→ **Source material**
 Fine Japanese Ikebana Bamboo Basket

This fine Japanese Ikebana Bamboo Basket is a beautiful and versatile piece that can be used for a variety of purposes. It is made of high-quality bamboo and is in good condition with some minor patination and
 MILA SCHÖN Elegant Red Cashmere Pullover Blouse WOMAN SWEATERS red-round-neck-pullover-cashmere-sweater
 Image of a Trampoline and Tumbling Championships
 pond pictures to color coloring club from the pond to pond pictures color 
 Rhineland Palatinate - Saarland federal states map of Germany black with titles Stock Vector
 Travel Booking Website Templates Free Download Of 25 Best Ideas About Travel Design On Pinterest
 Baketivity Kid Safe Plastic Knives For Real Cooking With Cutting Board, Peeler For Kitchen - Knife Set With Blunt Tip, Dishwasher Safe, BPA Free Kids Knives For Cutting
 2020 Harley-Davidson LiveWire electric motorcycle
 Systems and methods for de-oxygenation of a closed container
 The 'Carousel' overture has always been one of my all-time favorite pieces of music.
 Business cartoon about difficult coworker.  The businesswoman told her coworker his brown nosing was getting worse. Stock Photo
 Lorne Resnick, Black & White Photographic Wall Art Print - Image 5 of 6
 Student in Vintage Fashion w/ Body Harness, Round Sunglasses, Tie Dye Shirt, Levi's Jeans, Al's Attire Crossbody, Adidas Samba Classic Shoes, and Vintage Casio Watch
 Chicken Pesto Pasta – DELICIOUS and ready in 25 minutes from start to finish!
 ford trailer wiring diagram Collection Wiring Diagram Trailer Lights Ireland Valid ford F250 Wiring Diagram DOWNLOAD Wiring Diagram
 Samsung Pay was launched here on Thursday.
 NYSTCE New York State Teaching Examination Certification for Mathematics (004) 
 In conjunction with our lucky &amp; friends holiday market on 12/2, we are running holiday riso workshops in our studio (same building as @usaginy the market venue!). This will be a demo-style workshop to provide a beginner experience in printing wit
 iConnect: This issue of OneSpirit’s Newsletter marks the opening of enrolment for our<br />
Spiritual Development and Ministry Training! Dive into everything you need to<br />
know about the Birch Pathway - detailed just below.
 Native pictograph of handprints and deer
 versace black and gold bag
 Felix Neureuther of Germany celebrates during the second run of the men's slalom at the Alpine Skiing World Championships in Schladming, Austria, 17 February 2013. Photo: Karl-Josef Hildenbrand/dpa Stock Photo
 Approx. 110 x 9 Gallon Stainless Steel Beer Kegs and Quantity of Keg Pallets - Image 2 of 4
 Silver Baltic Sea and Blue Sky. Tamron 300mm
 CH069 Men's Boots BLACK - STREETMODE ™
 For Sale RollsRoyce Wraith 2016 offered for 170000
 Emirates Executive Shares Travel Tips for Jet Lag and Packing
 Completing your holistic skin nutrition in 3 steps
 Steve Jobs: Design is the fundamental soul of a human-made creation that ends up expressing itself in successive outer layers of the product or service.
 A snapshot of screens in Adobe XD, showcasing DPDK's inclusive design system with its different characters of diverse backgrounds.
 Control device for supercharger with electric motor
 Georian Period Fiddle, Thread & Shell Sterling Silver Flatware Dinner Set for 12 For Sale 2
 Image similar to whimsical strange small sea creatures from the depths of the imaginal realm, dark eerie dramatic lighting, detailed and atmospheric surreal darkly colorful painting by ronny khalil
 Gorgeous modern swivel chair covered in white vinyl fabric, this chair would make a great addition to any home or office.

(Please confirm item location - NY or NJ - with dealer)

→ **Task**
Find the word "Bamboo" in the entries above. Copy every line that has it.

→ **Your solution**
 Fine Japanese Ikebana Bamboo Basket
This fine Japanese Ikebana Bamboo Basket is a beautiful and versatile piece that can be used for a variety of purposes. It is made of high-quality bamboo and is in good condition with some minor patination and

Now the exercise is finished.